The Naperville, Illinois-based company did not provide any guidance for the current fourth quarter, saying it was still too hard to predict business trends.

``We're part of an unhealthy industry at this point,'' Tellabs Chairman and Chief Executive Michael Birck told analysts on a conference call. ``No one thinks it's a terminal illness, but there aren't very many signs of near-term relief. Clearly, next year is going to be a challenge.''

He told Reuters in an interview that the message on spending by Tellabs' phone company customers next year is still mixed, with Verizon Communications giving the sense that 2003 will match this year and SBC Communications Inc. talking of further declines.

Tellabs shares fell by as much as 5.3 percent on the Nasdaq Friday morning as the company posted its first quarterly loss before one-time items since 1991.

Analysts currently expect Tellabs to post a fourth-quarter loss before one-time items of 3 cents a share on revenue of $274 million, and a fiscal 2003 loss of a penny on sales of $1.17 billion, according to Thomson First Call.

Tellabs said it expects to spend an estimated $50 million to $55 million on restructuring in the fourth quarter, and will spend about $150 million over the next five quarters.

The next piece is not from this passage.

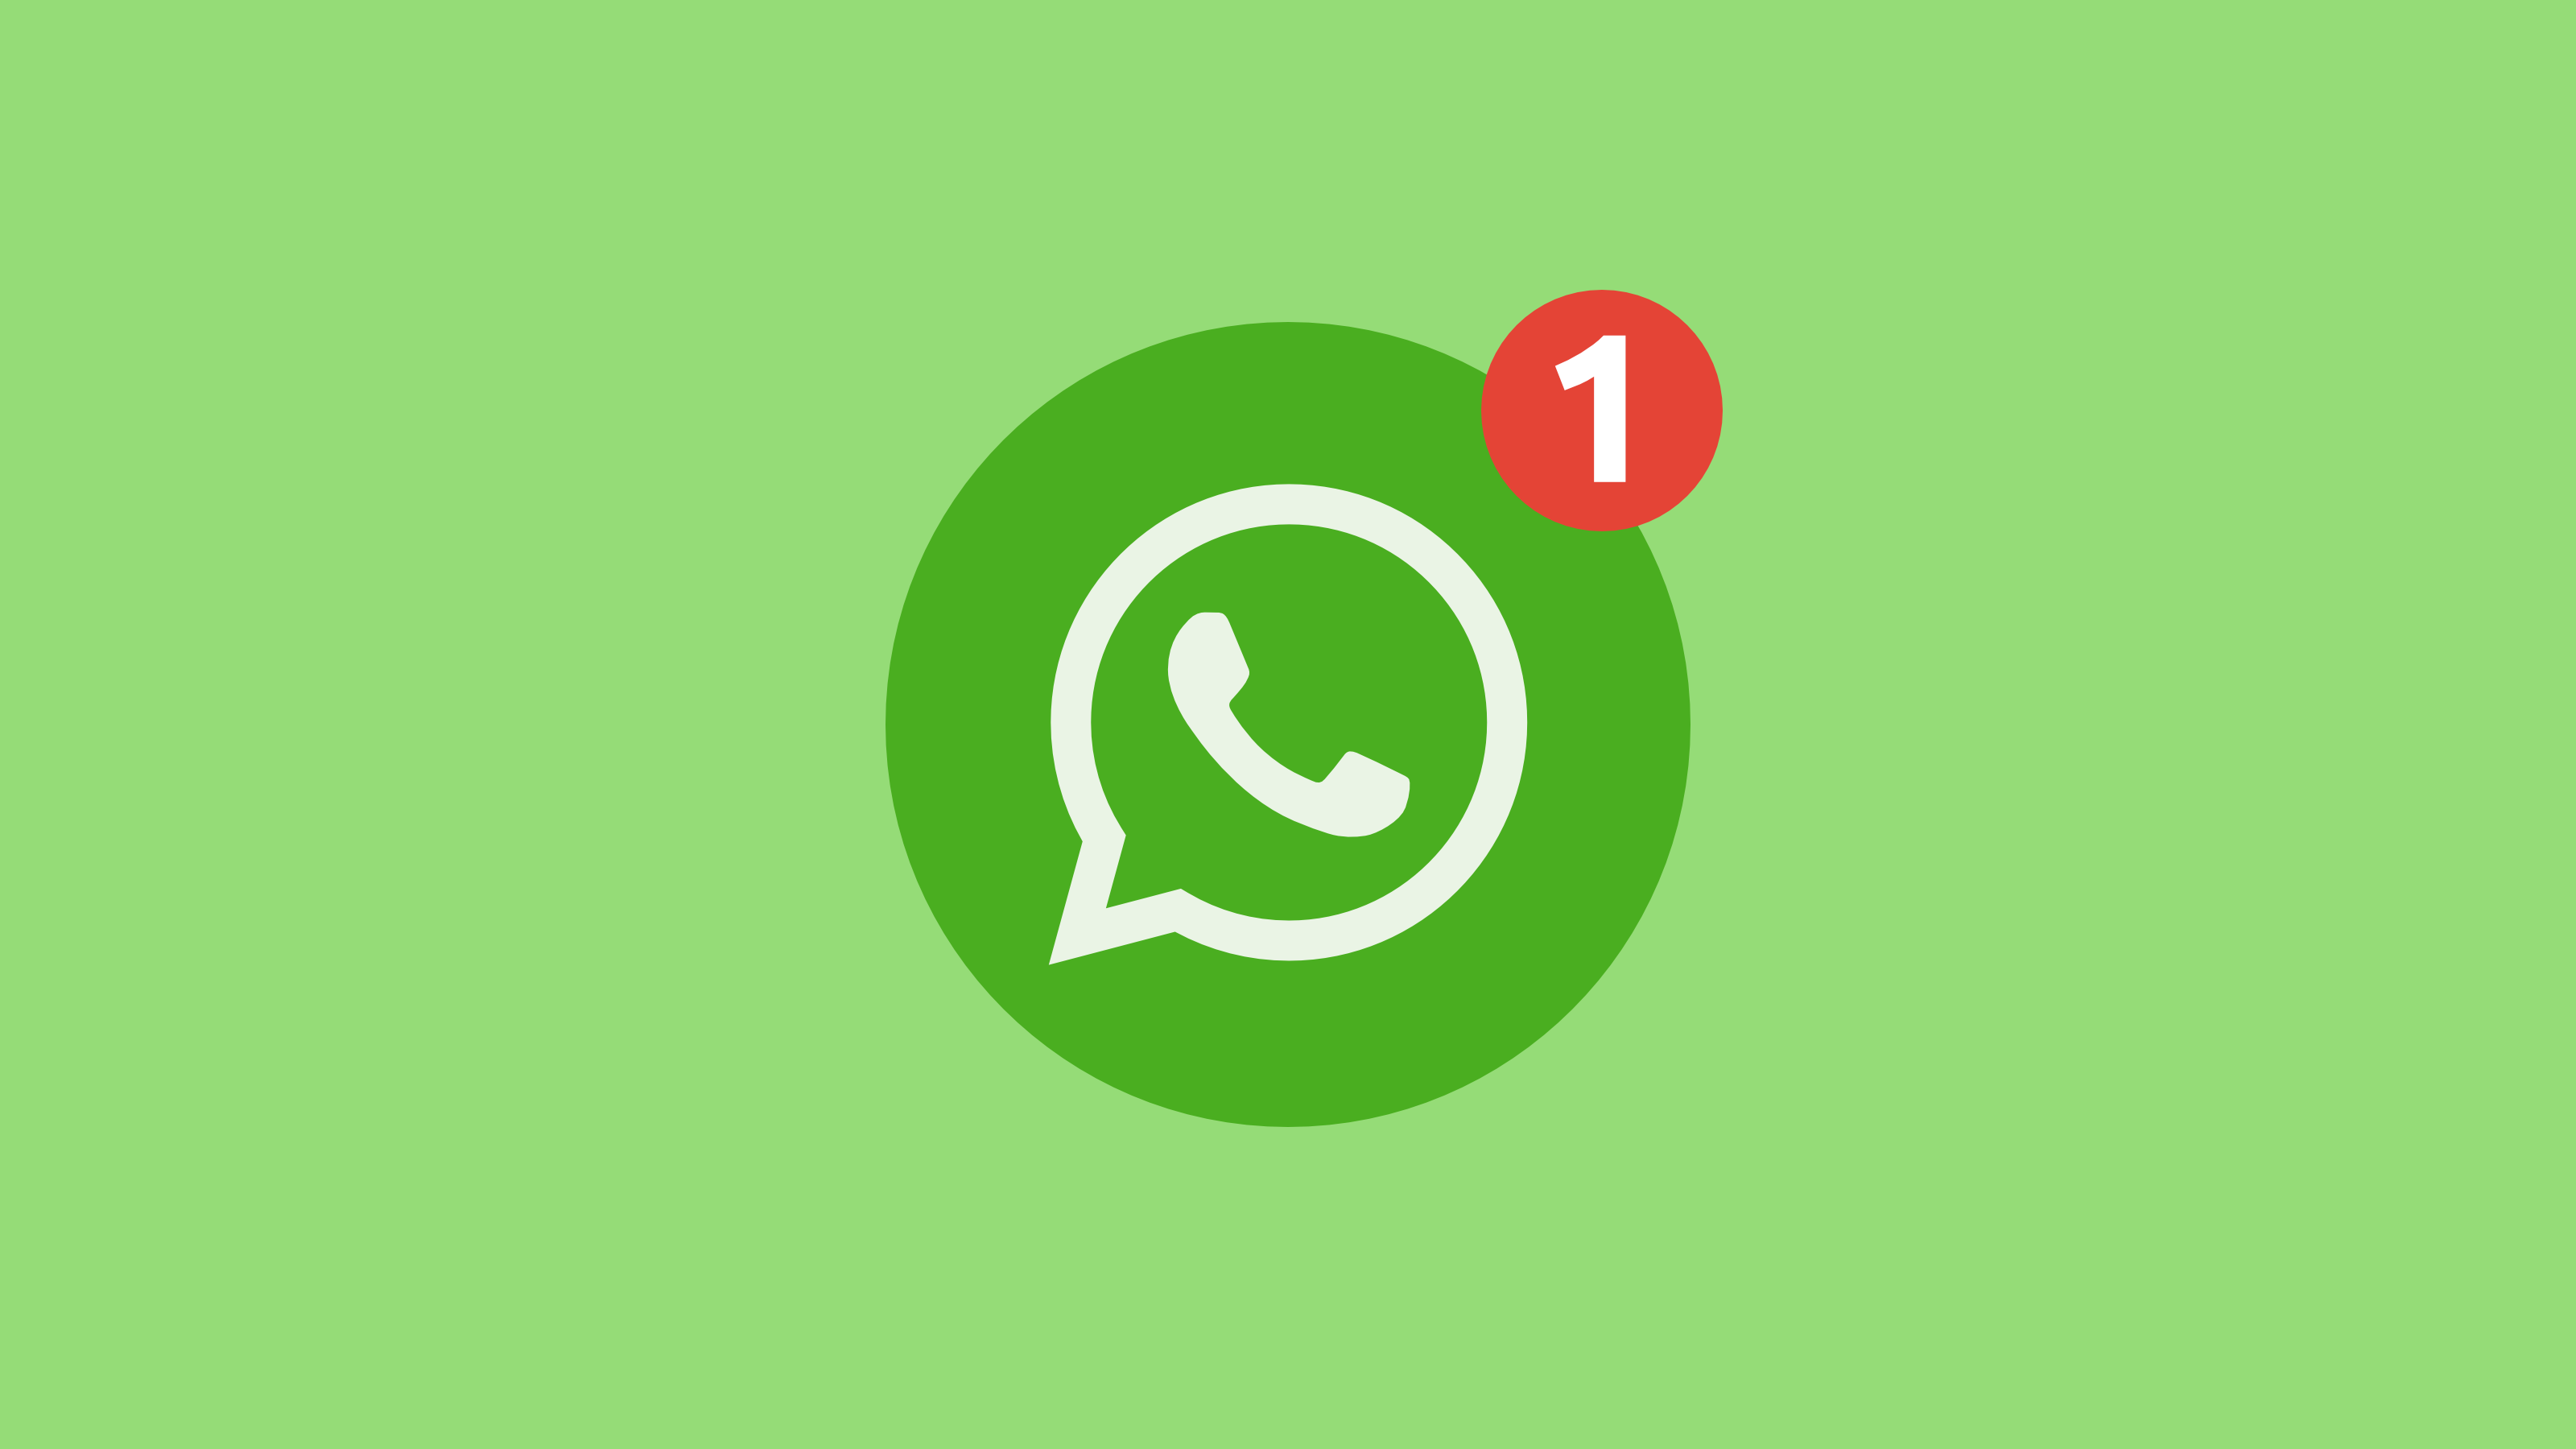 Sprach- und Textstatus werden bald in WhatsApp erscheinen

Telecommunications suppliers have been hit hard by the continued cutbacks of their telephone company customers, but Tellabs' loss before one-time items was not as bad as analysts had expected.

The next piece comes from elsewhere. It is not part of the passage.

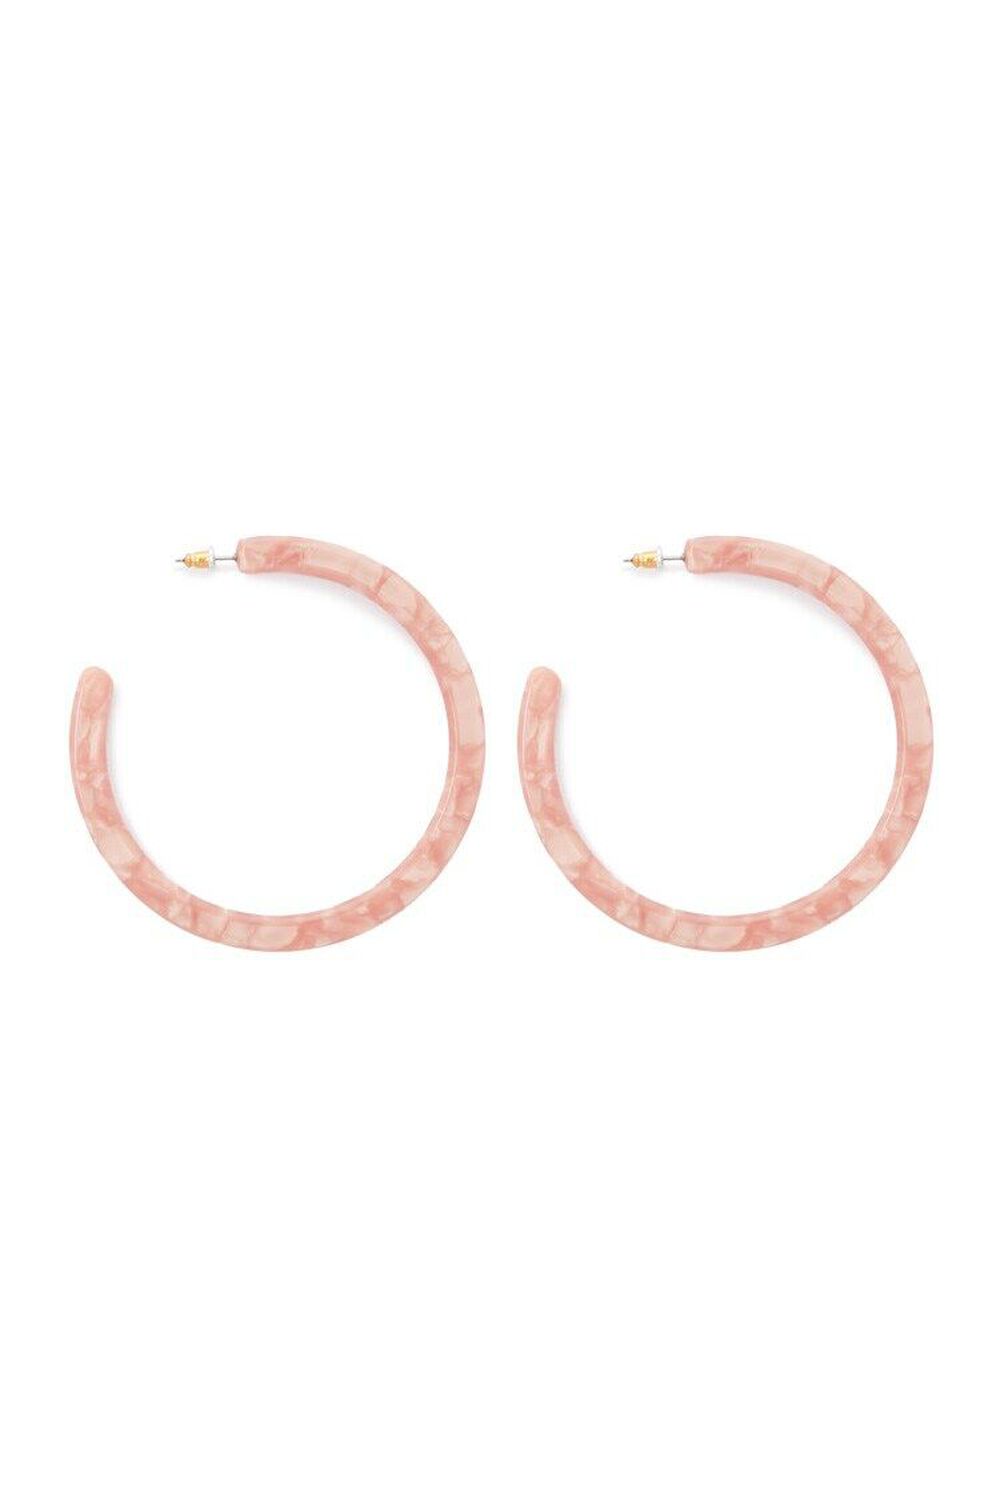 Marble Hoop Earrings, image 1

``It's not as bad as feared. In this environment, that is a good thing,'' said Lehman Brothers analyst Steve Levy, who has an ``equal weight'' rating on the stock and a ``negative'' rating on the sector.

He added that Tellabs was seeing needed contract wins for its newer products, like the 6400 optical switch, which was shipped to seven new customers in the quarter. A switch looks at incoming data on a network to determine the destination address.

INVESTORS DRIVEN AWAY

``In the absence of profitable growth, investors have and probably will continue to flock away from investment in this industry,'' said Andy Schopick, an analyst with Connecticut-based boutique broker-dealer Nutmeg Securities. He has a ``hold'' rating on Tellabs' stock.

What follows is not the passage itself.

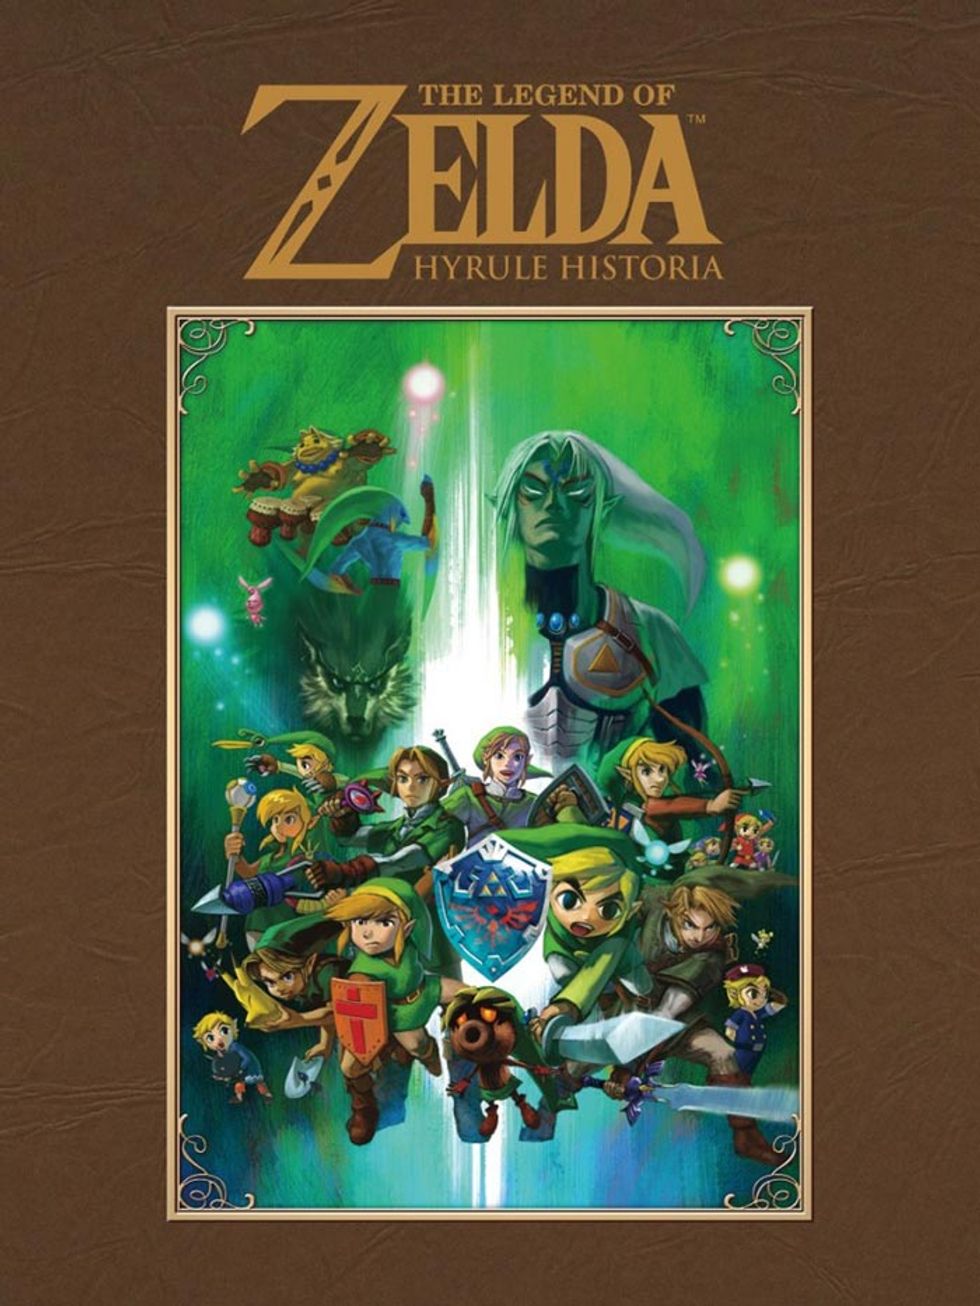 Annunciata negli USA l’uscita di “The Legend of Zelda: Hyrule Historia”

Tellabs reported a third-quarter net loss of $91.1 million, or 22 cents a share, compared with a year-ago net loss of $49.5 million, or 12 cents a share.

During the third quarter, Tellabs recorded restructuring and other one-time charges of $68 million and an impairment charge of $30 million for investments.

Excluding one-time items, its loss in the quarter was $16.6 million, or 4 cents a share, compared with a profit last year of $2.4 million, or a penny a share.

Revenue in the quarter ended Sept. 27 slumped about 36 percent to $288.1 million from $448.2 million last year.

Tellabs last month warned it would post a third-quarter loss and sales would fall as much as 25 percent from the $345 million recorded in the second quarter.

It also said last month it would cut 14.5 percent of its work force as part of its fifth restructuring since April 2001. It employed 5,200 people at the end of the third quarter.

After the warning, analysts cut their expectations for the quarter to a 6-cent loss per share, before one-time items, on sales of $270 million, according to First Call. Before the warning, they had expected break-even results and revenue of $339.8 million.

The company said Friday it boosted its cash on hand at the end of the third quarter to more than $1 billion. Birck said no acquisitions were planned, but Tellabs would watch for deals.

Tellabs stock was off 2 percent at $5.40 on Friday morning, off an earlier low at $5.22. So far this year, it has fallen 64 percent, compared with a 71 percent decline by the American Stock Exchange Network Index, made up of industry competitors.